At the beginning of the `_main.R` script, three parameters are set at the beginning.

1. `RUN_CODE`: If `TRUE`, runs other scripts (eg, creating figures and tables). If `FALSE`, just loads packages and sets filepaths.
2. `DELETE_ML_RESULTS`: A large number of machine learning models are implemented for the analysis (ie, a separate model for each country for each set of features, etc). After each model is implemented, results are exported (eg, predicted values from the model). [The script](https://github.com/dime-worldbank/big-data-poverty-estimation/blob/master/DataWork/04_poverty_estimation/01_pov_estimation.R) that implements the machine learning analysis checks which models have already been implemented by checking the results files. Only models that have not yet been implemented are implemented. Consequently, by default, the code will see all machine learning results and skip running machine learning models. By setting `DELETE_ML_RESULTS` to `TRUE`, machine learning results will be deleted, and machine learning models will be re-implemented. _NOTE:_ All machine learning models can take over 15 hours to run.
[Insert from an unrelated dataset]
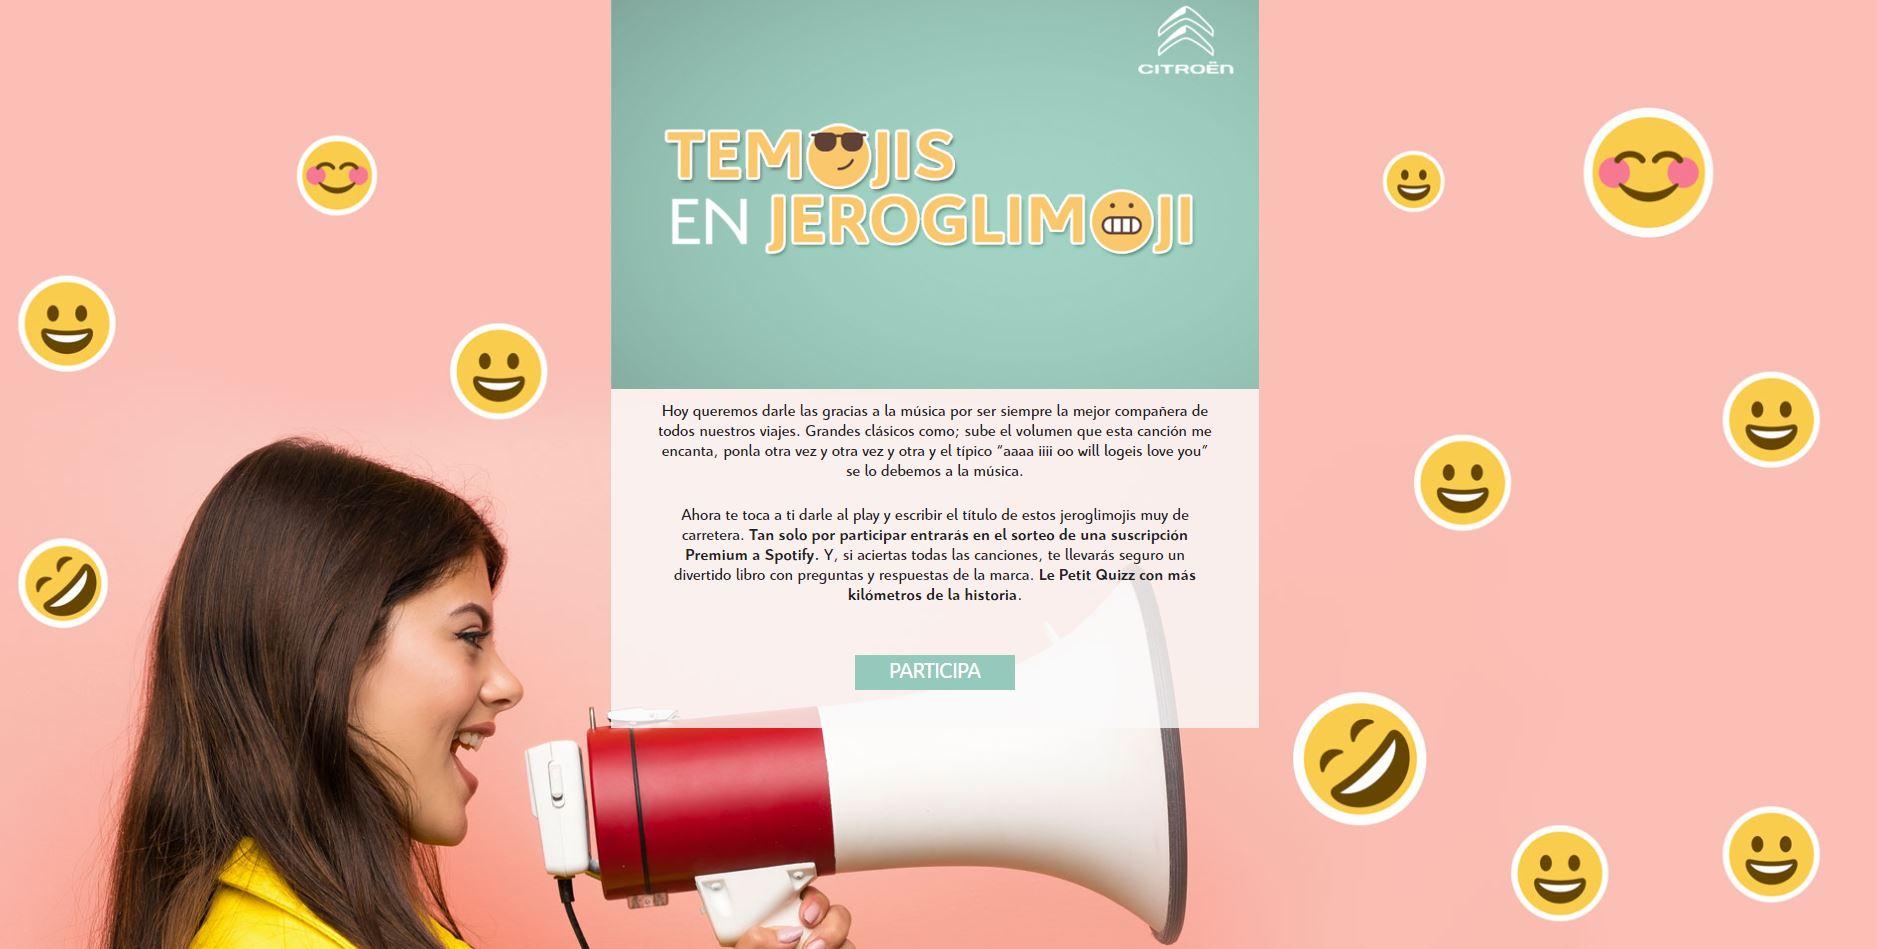 emoji-marketing-citroen

3. `EXPORT_TXT_REPORT_CODE_DURATION`: If set to `TRUE`, a .txt file will be exported that indicates how long the code took to run.
The main script produces all figures and tables for the paper, with one minor exception; the main script does not produce the [figure with example daytime satellite images](https://github.com/dime-worldbank/big-data-poverty-estimation/blob/master/Paper%20Tables%20and%20Figures/figures/example_daytime_images.png). [This script](https://github.com/dime-worldbank/big-data-poverty-estimation/blob/33cbed1be65afcc50b373f88c0835df8078bac22/DataWork/02_get_process_ancillary_data/CNN%20Features%20Predict%20NTL/example_images.ipynb#L599) produces the figure, but the figure requires satellite data to be downloaded, which can be done using [this script](https://github.com/dime-worldbank/big-data-poverty-estimation/blob/33cbed1be65afcc50b373f88c0835df8078bac22/DataWork/02_get_process_ancillary_data/CNN%20Features%20Predict%20NTL/01_create_ntlgroup_tfrecord_name_ntlharmon.R). All other figures and tables are generated based on the cleaned datasets and subsequent analysis.